Exercise requirements. All of the listing below must be repeated word for word. Pictures are the only thing to omit.

─── Material provided

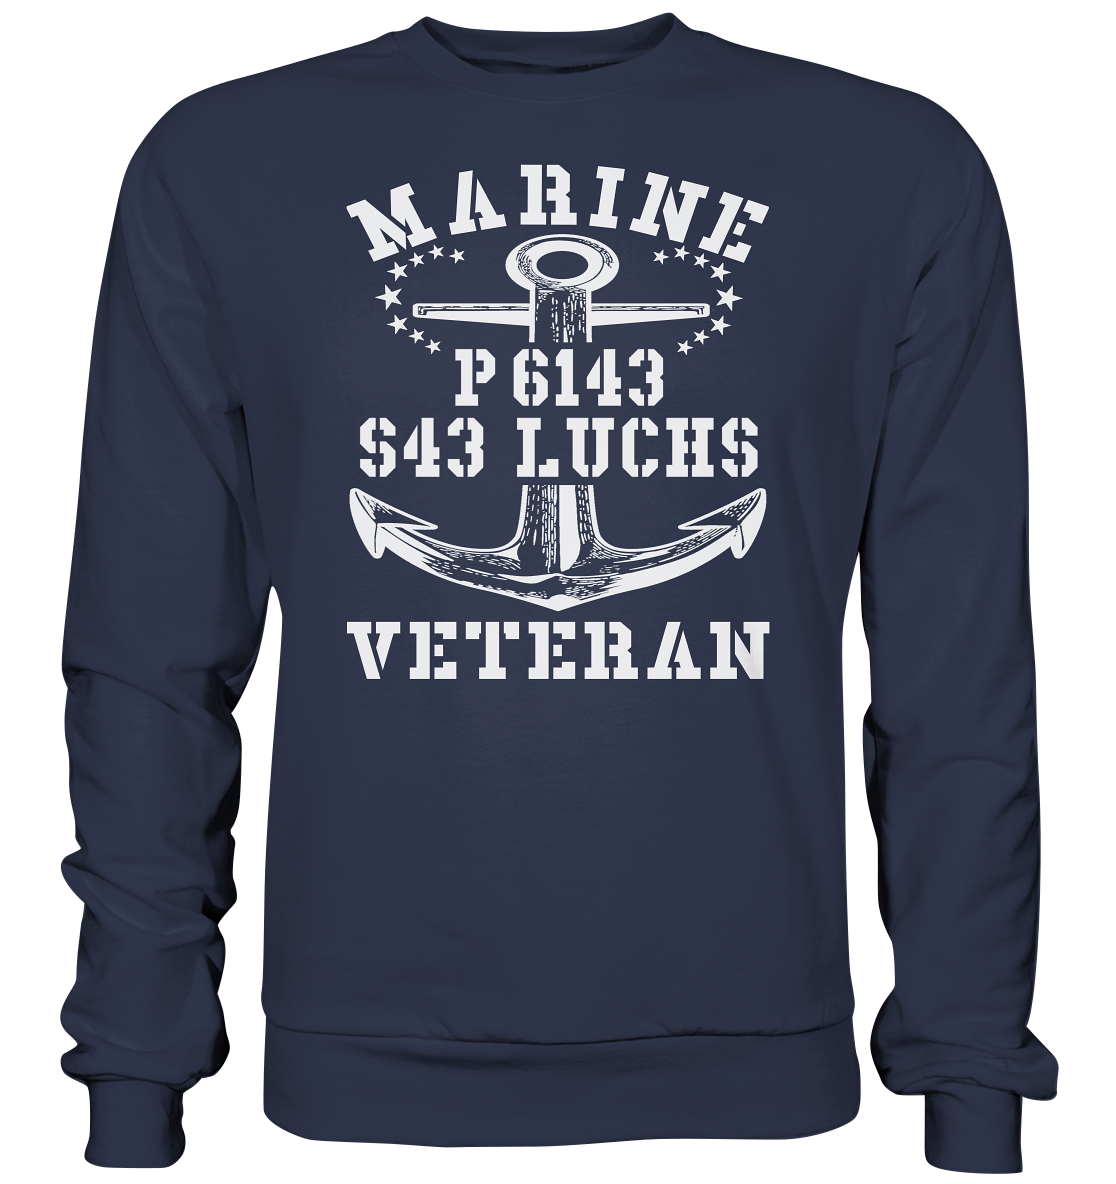 P6143 S43 LUCHS Marine Veteran - Premium Sweatshirt
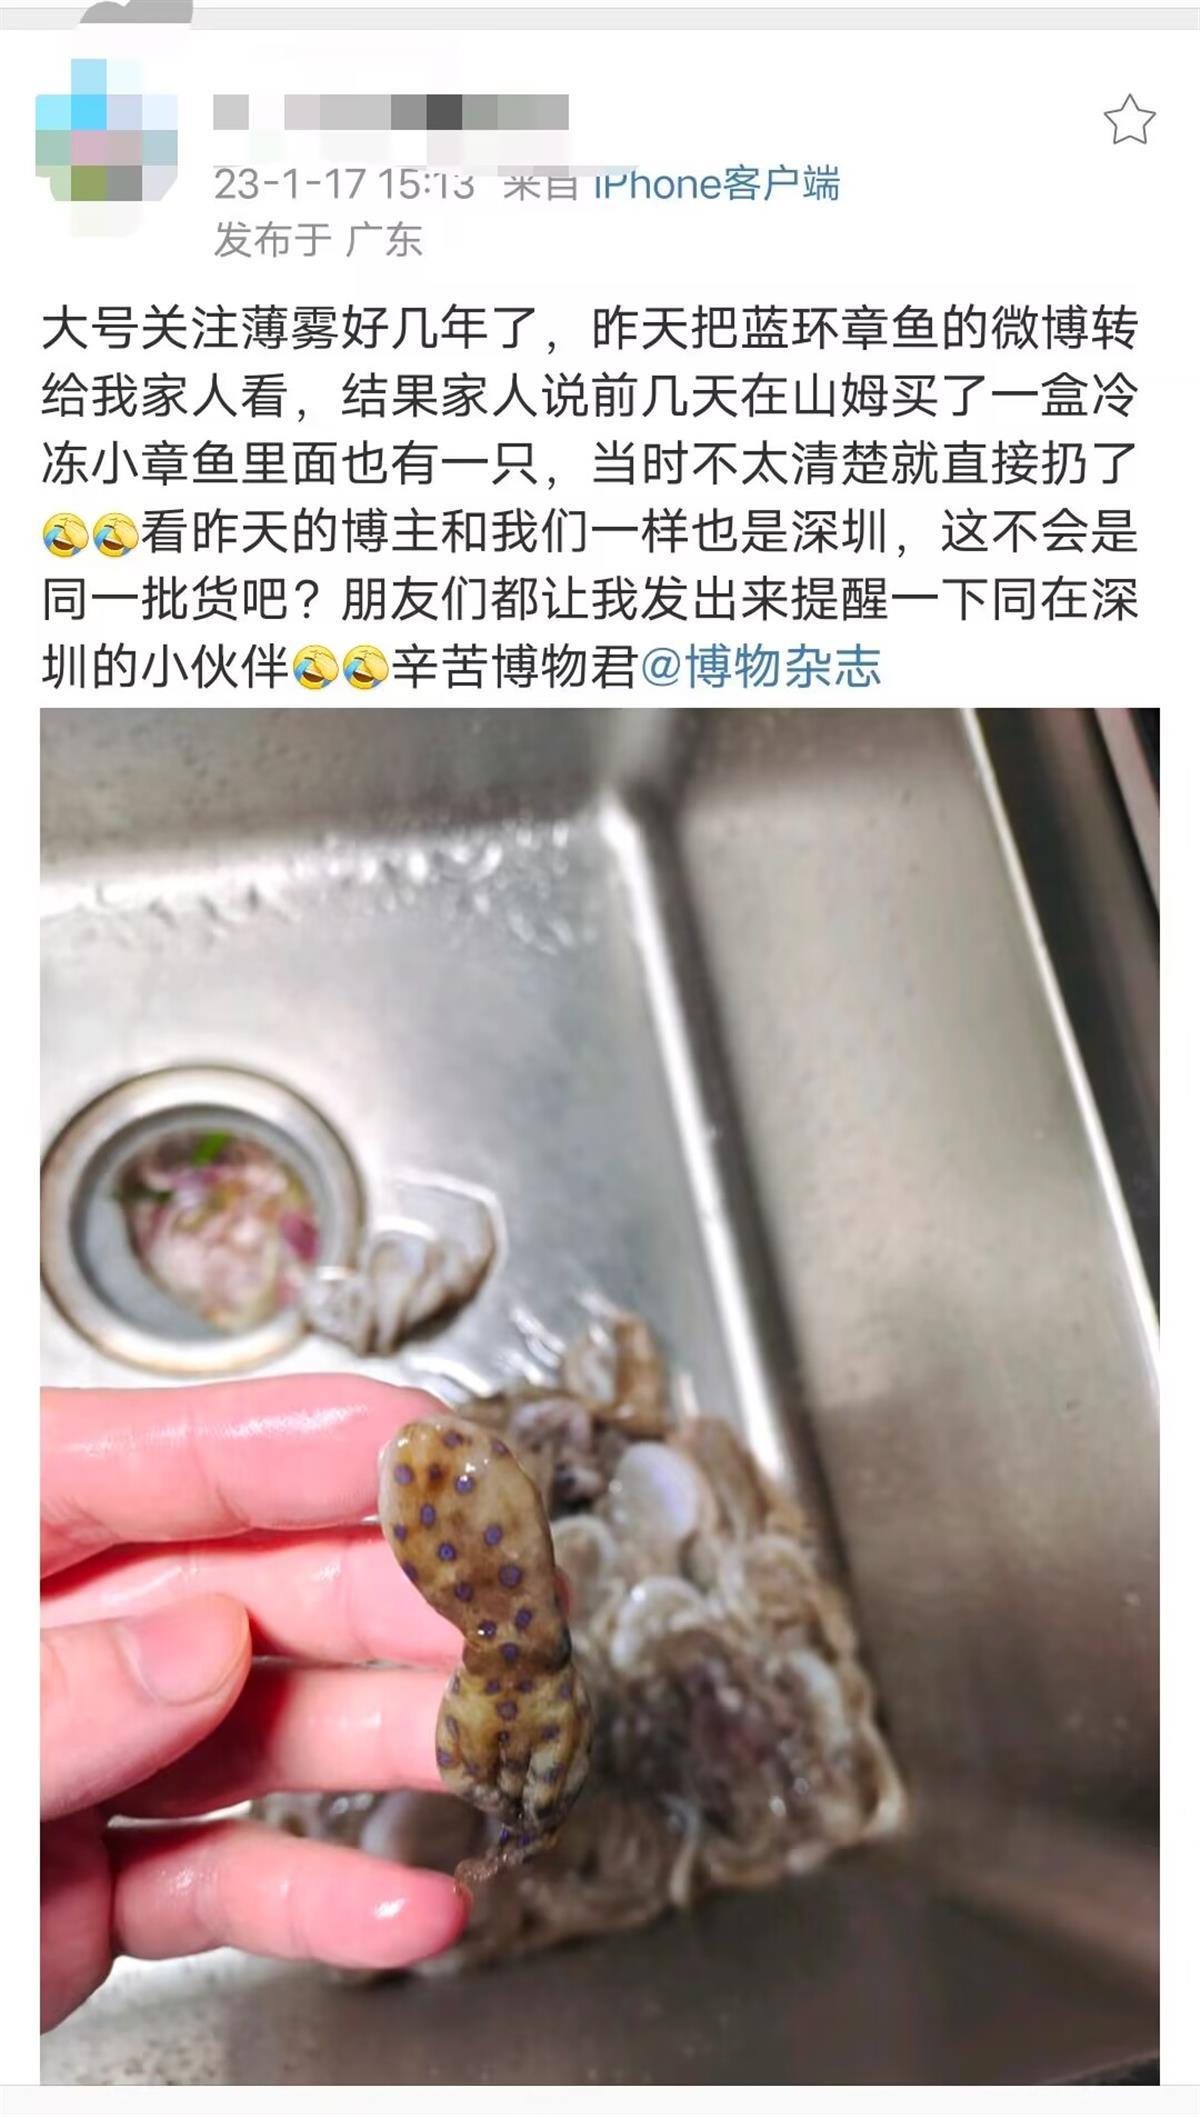 深圳市监局：对全市27家山姆和沃尔玛门店进行排查，未发现有“蓝环章鱼”
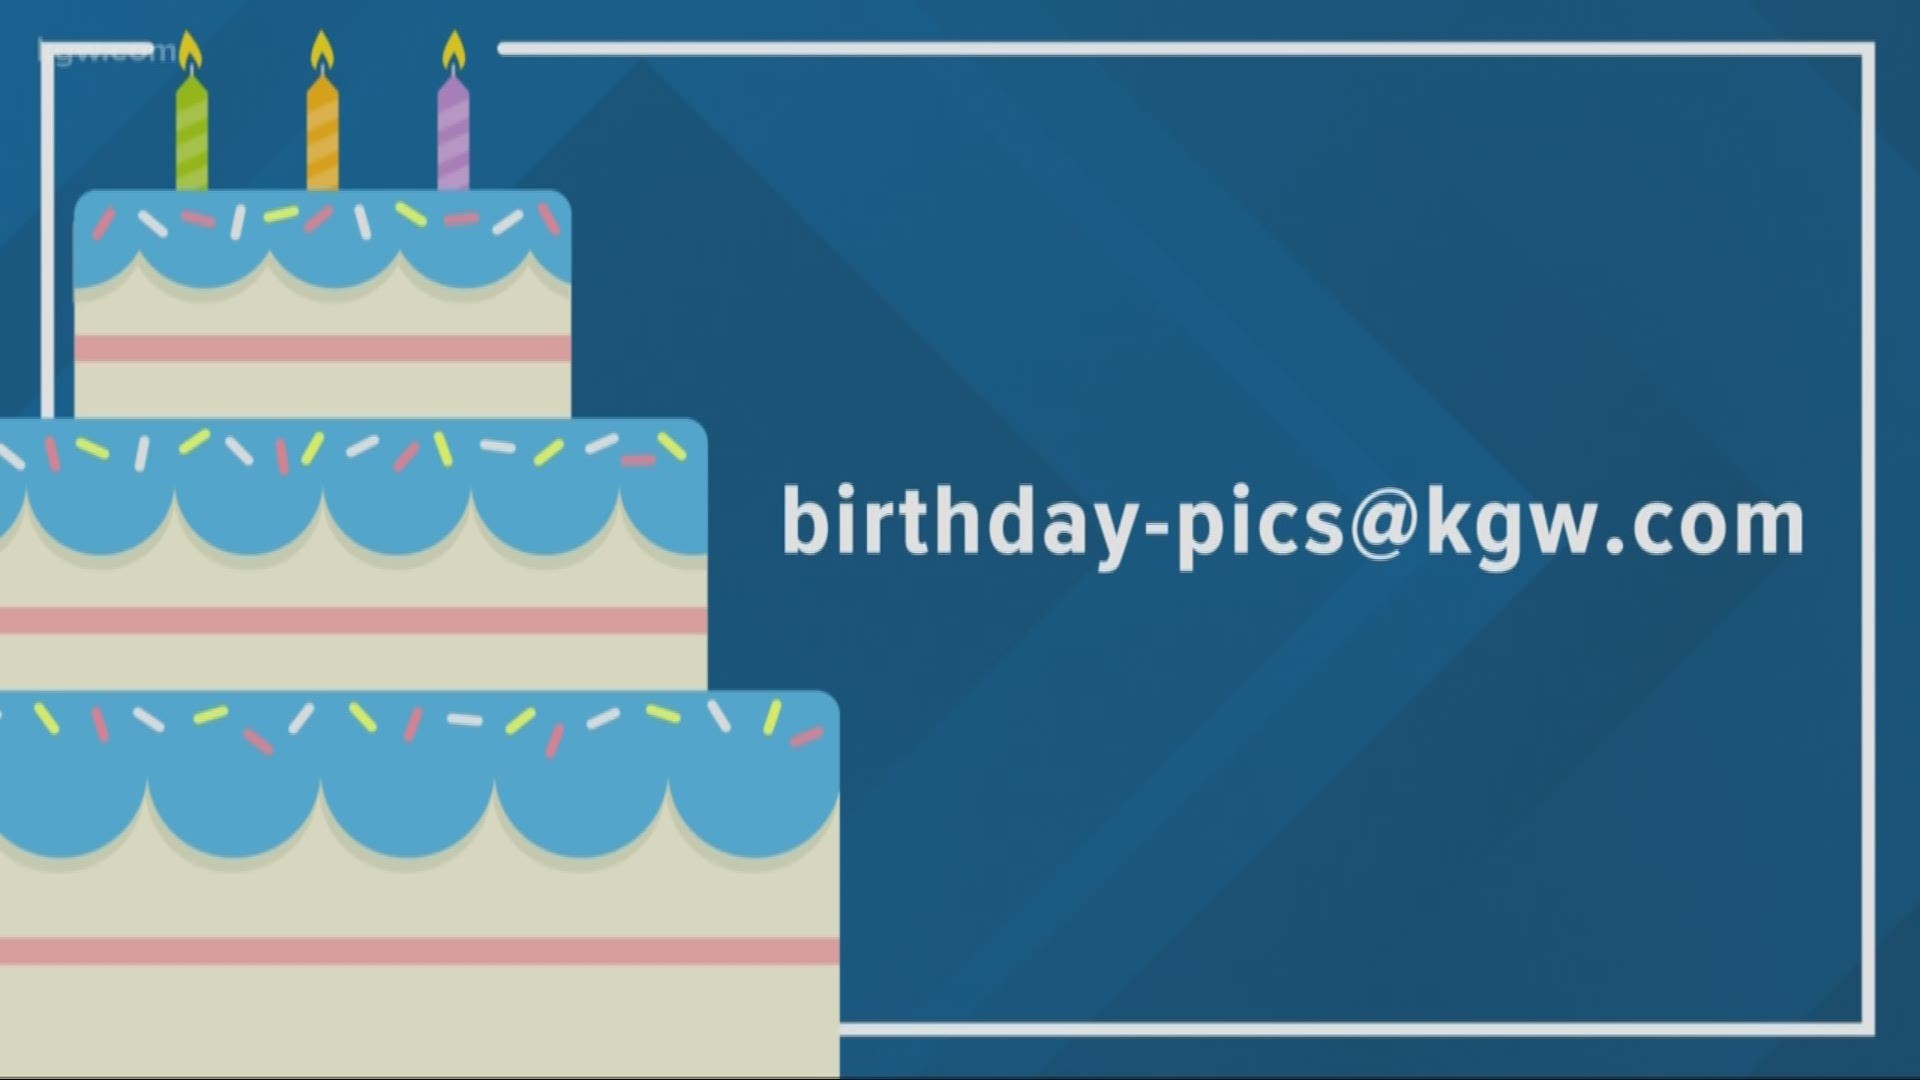 KGW viewer birthdays: 4-15-19
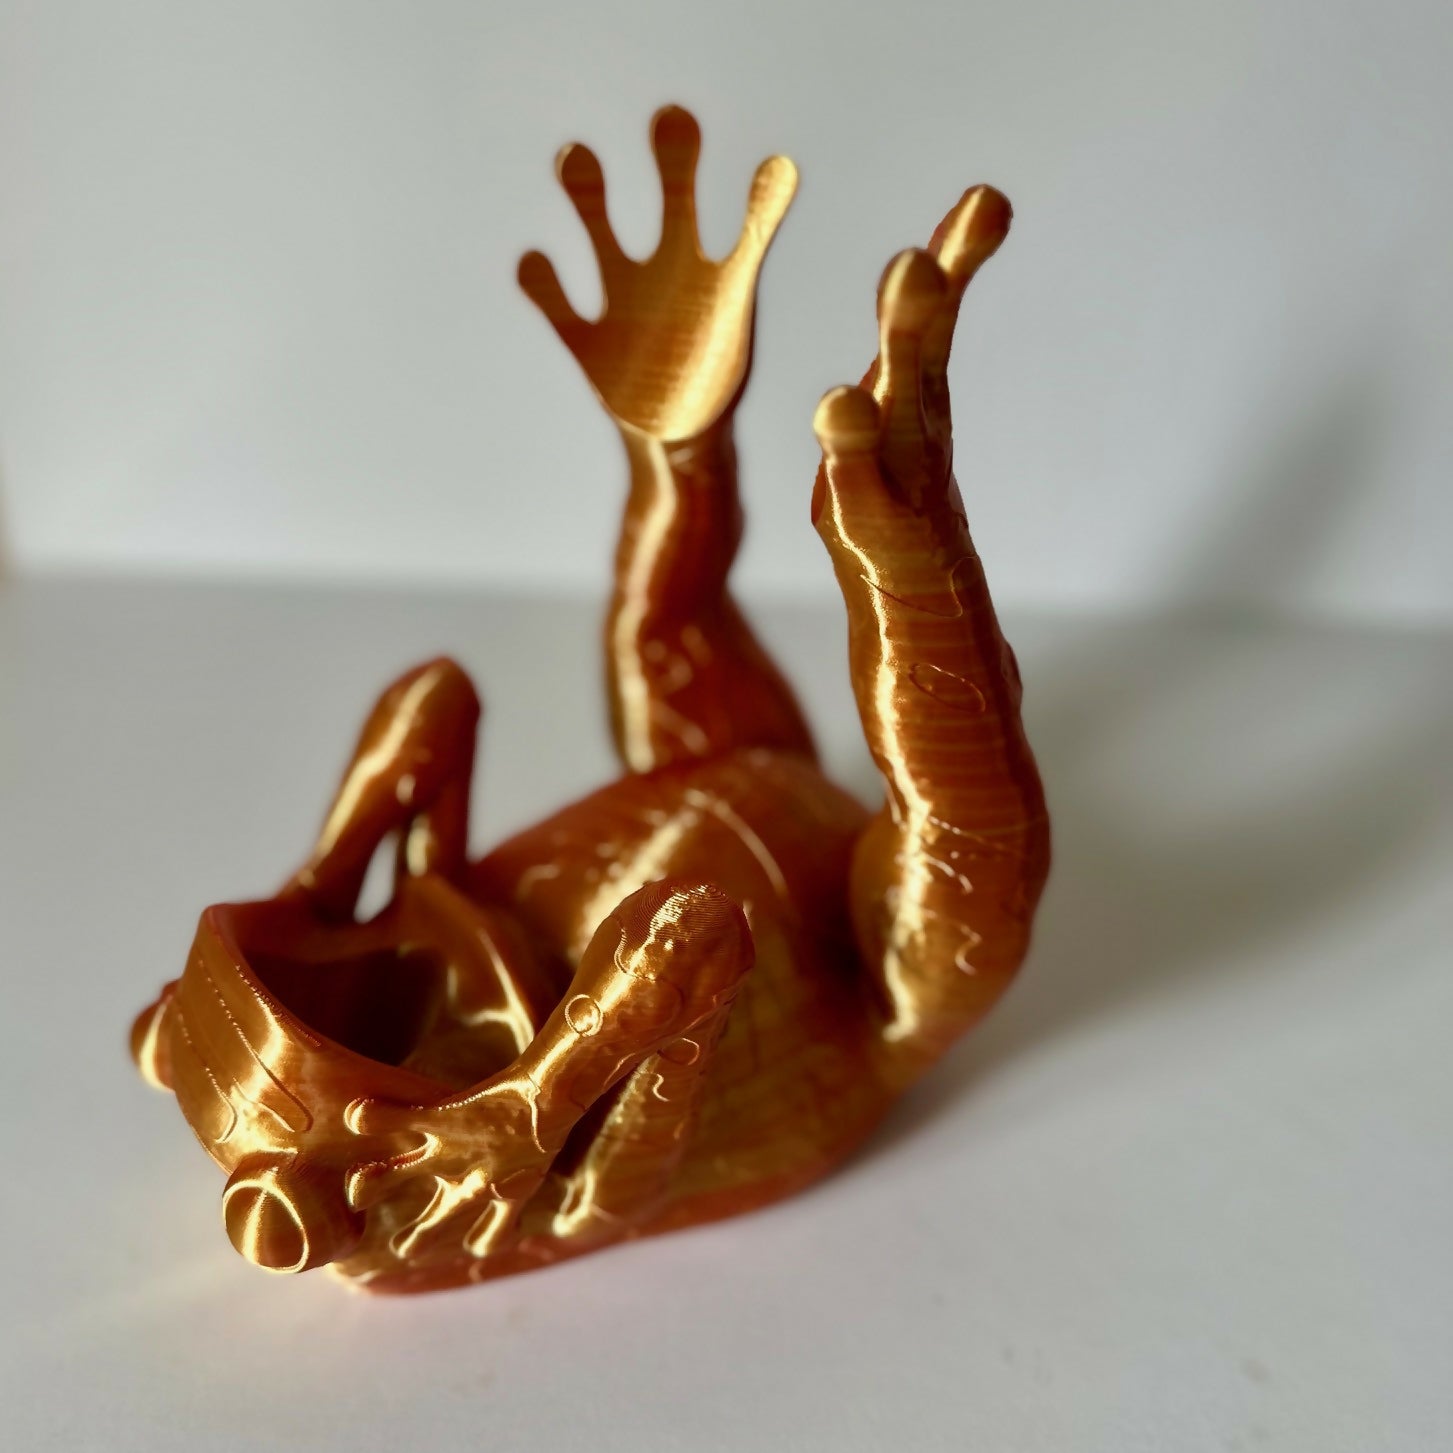 Maple Works Designs | 3D Printed Frog Bottle Holder

──────

Problem solution.
 P6143 S43 LUCHS Marine Veteran - Premium Sweatshirt
 深圳市监局：对全市27家山姆和沃尔玛门店进行排查，未发现有“蓝环章鱼”
 KGW viewer birthdays: 4-15-19
 Maple Works Designs | 3D Printed Frog Bottle Holder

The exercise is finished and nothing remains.